A MAN who was evacuated to the old Marconi transmitting station in Caernarfon during World War Two is appealing for memories and photographs that people or their older relatives have of the site.
Ronald Holme, 86, spent roughly nine months at the site but he and his son, Jeff, have struggled to find any record of the place existing during the war.
The long-wave wireless transmitting station, the first of its kind in Britain, was opened in 1913 by Guglielmo Marconi, who sent the world’s first transmission across water in 1897.
The facility proved vital during World War One but storm damage led to its closure in 1938, a year before the beginning of the Second World War.
Jeff said: “He had a rough time when he was there and he’s never heard anything about the place. I’ve tried to find some information on the place but haven’t been able to find any trace whatsoever of this place during the war.
“We went there about six years ago and it was a climbing centre (CHAmois Mountaineering Centre, who purchased the property in 1975), and called into the library in Penygroes and there was nothing there on it.
“We just wondered if anybody locally knows something about it – perhaps they had a father or mother there, or they were there themselves if they are my dad’s age – and if they have any recollections of the place.”

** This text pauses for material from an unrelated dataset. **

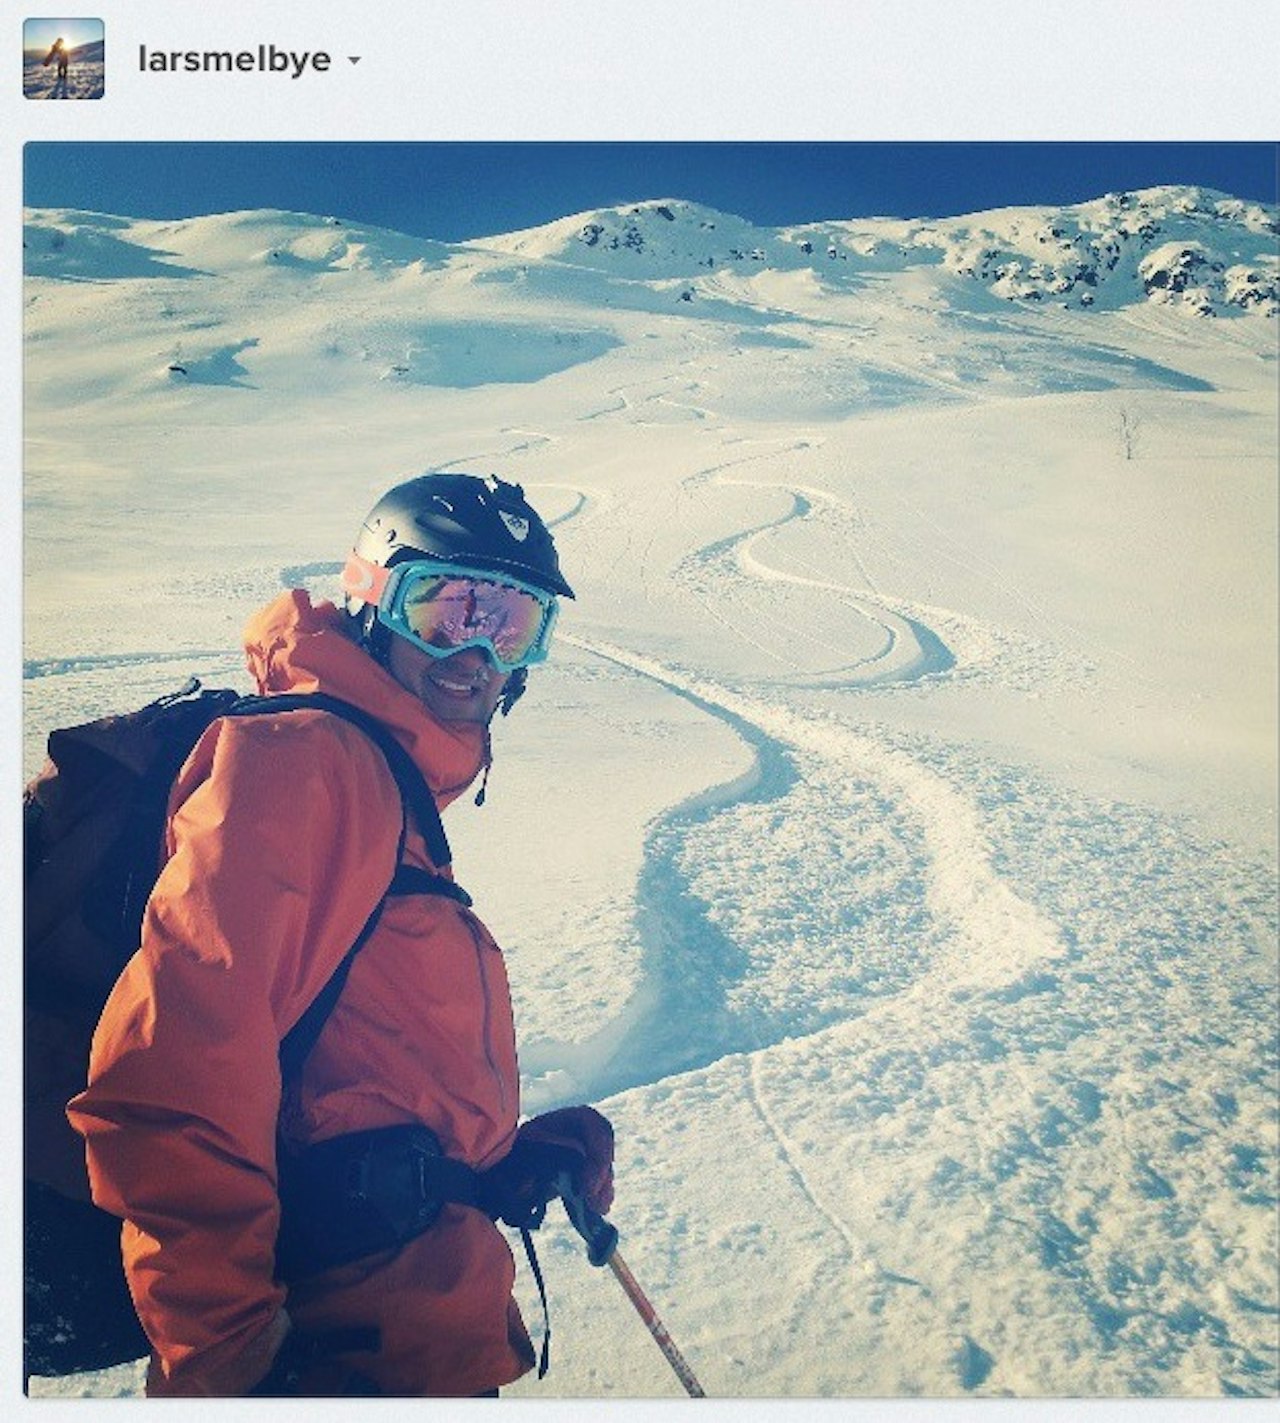 DAGENS BILDER: På Instagram koker det over med skibilder fra påskefjellet, hvor nå enn det er. Lars Melbye fant pudder i Sogndal og hashtagget det hele med #friflyt.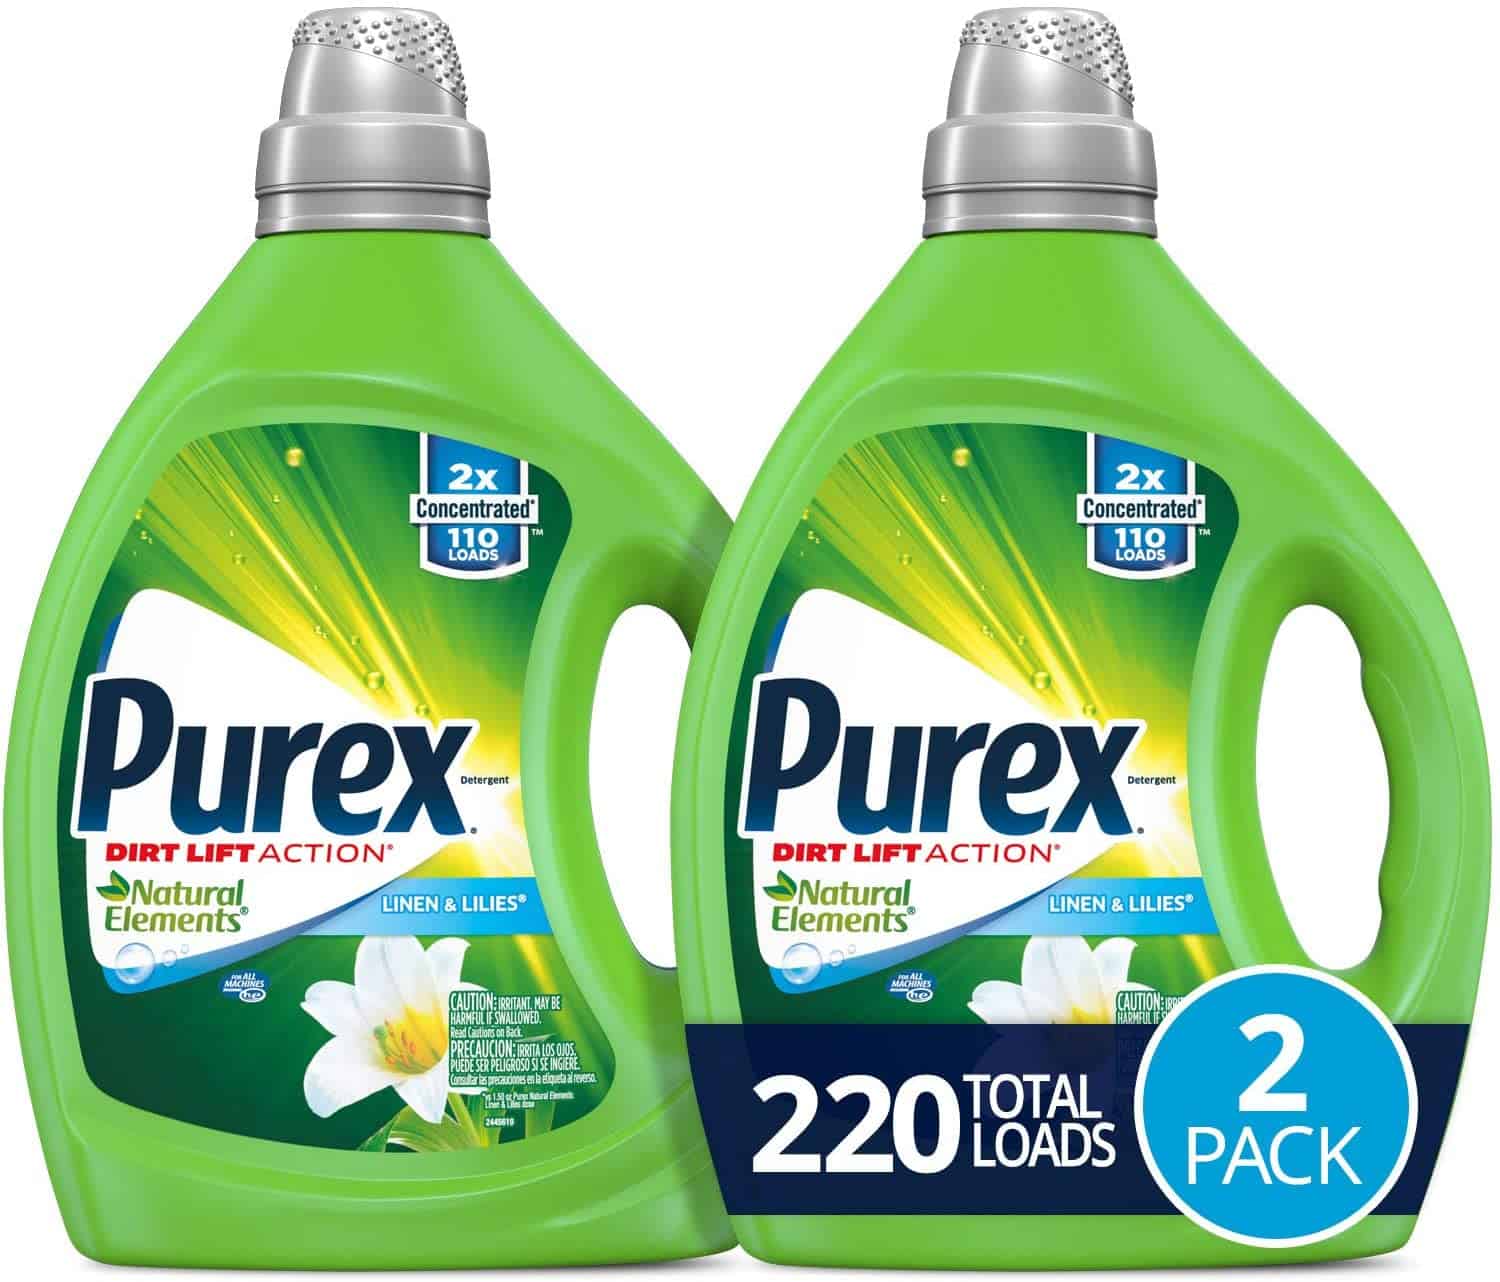 Purex Laundry Detergent 2-Pack

Ronald particularly remembers the awful food he was served, the repeated incidents of bullying he encountered especially towards the smaller children, and that he returned home dirty, undernourished and full of lice in his hair.
He was removed from the hostel by his father, who was disgusted at his condition upon visiting, and returned home to Liverpool before being re-evacuated to Ludlow, Shropshire.
Ronald said: “It’s like we were never there. I remember we went on the train with my brother and sister, this man with a clipboard went round taking names, and he stuck a red band on my arm.
“When we were getting well into the countryside, the train just stopped on a line, not even at the station, and all those with red bands climbed off. We were marched up the road and taken to the Marconi building, and that’s where we stayed.
“I believe the red bands were for all of us who wet the bed!” joked Ronald, who was separated from his brother and sister as an evacuee at the age of ‘only about six or seven’.
He added: “I don’t think my mum and dad knew where we were either because it took them a while for them to find out.
“The food was terrible. All I remember was lumpy semolina; you wouldn’t use it for wallpaper paint. There was a couple of older lads who used to go around sticking pins in you while you tried to eat your dinner; it was horrible.
“I stayed with another little lad called Ronnie Morrison – he had red hair. I met him years later in Marks and Spencer in Liverpool and had a chat with him, but he couldn’t remember anything.
“He was a bit younger than even me. There was only the two of us who were that young, and when they went to Penygroes for a day out, they left us behind, saying we were too young.
“My head was full of lice. When I got home, she (Ronald’s mother) noticed my scratches, got the Liverpool Echo paper and combed my hair onto the Echo. All these lice were bouncing onto the paper.”
Ronald, from Anfield, went on to serve three years in the army, and also worked for Ford Motor Company and the Schweppes beverage business.